Harry S. Truman photo

Statement by the President Regarding a Request for Supplemental Appropriations for the Atomic Energy Commission.

July 07, 1950

I HAVE today transmitted to the Congress a supplemental appropriation request for the Atomic Energy Commission for fiscal year 1951 in the amount of $260 million, to enable the Commission to build additional and more efficient plants and related facilities required in furtherance of my Directive of January 31, 1950. That directive called upon the Commission to continue its work on all forms of atomic weapons, including the hydrogen or fusion bomb. These additional plants, like the existing facilities, will provide materials which can be used either for weapons or for fuels potentially useful for power purposes. The plants will be of advanced design, and their operation will provide new knowledge that will speed the progress of the atomic energy program. In this new undertaking, the Atomic Energy Commission has my complete confidence, based upon the able and vigorous leadership which it has given to the atomic energy program in the past. We shall, moreover, continue to depend heavily upon the ingenuity and cooperation of American industry.

The expansion in the scope of our atomic energy program gives added emphasis to the fact that atomic energy has great potentialities both for destruction and for the benefit of mankind. From the very outset we have stood, and we continue to stand, firm in our desire for effective international control of atomic energy to insure its use for peaceful purposes only. This is a fundamental objective to which this Government and the vast majority of the United Nations have committed their best efforts.
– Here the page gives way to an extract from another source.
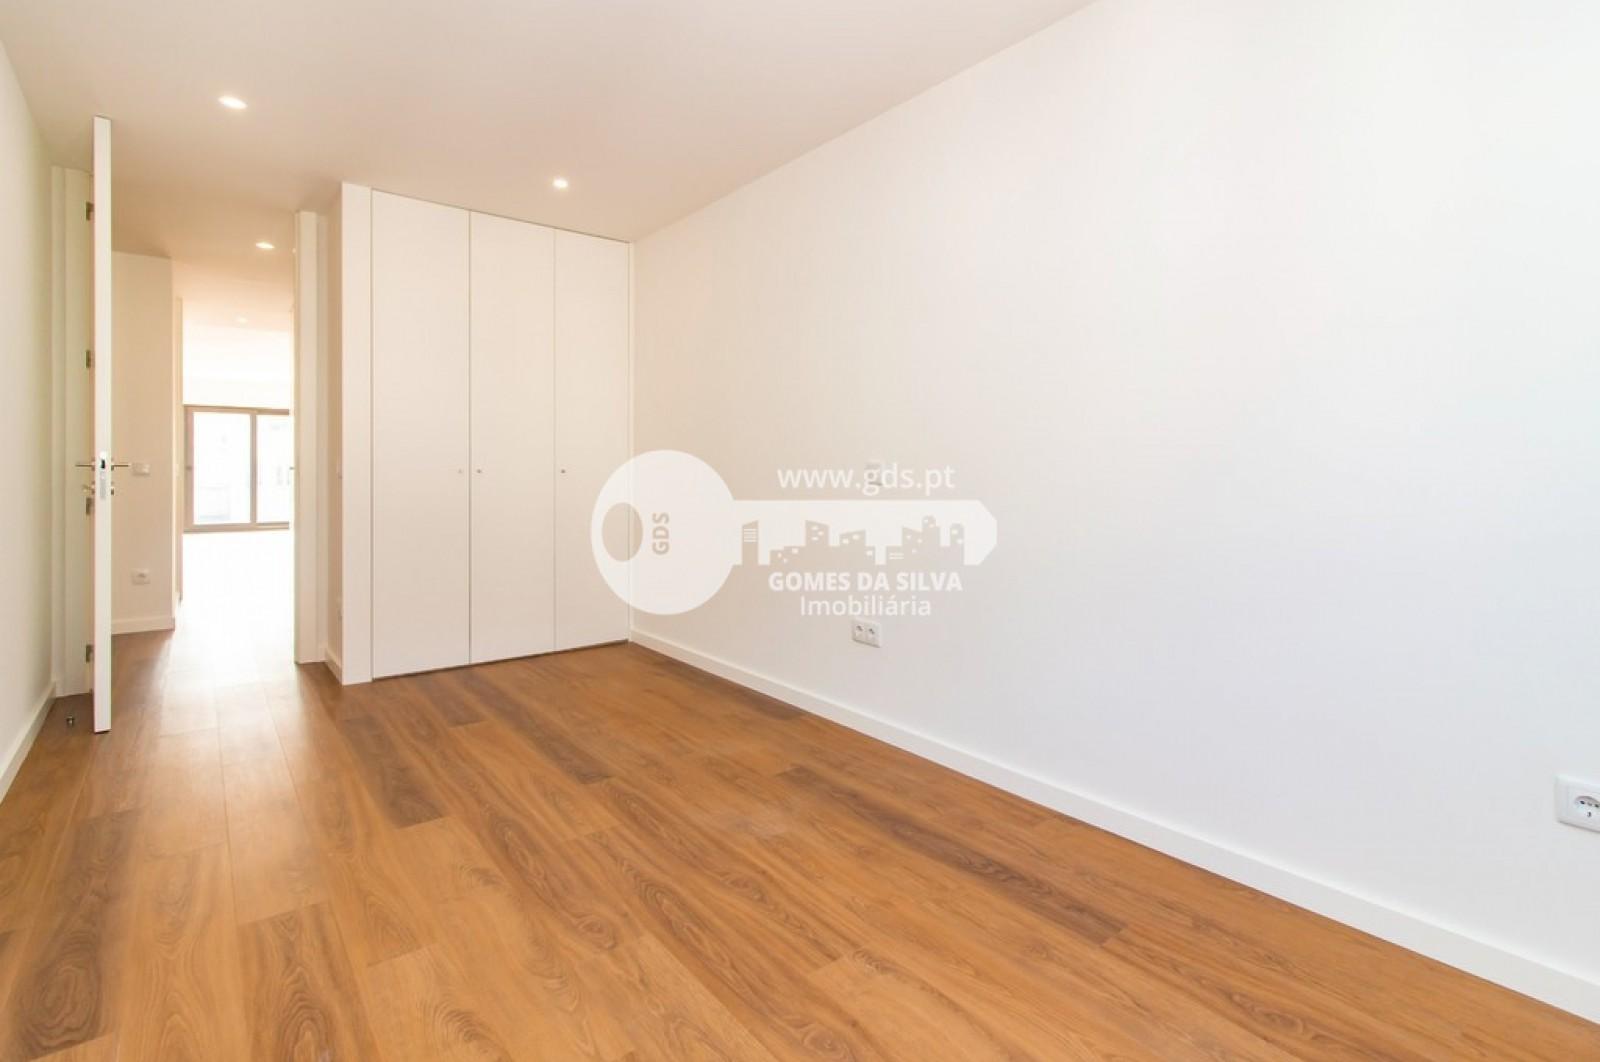 Apartamento T3 para Venda em São Vicente, Braga, Braga - Imagem 27

Agreement on this goal would make the facilities of our atomic energy enterprise fully available for peaceful purposes. Until this objective is achieved, however, we must strengthen our own defenses by providing the necessary atomic energy production capacity.

Note: On September 27, 1950, the President signed the Supplemental Appropriation Act, 1951, which included an additional amount of $260 million for the Atomic Energy Commission (64 Stat. 1054).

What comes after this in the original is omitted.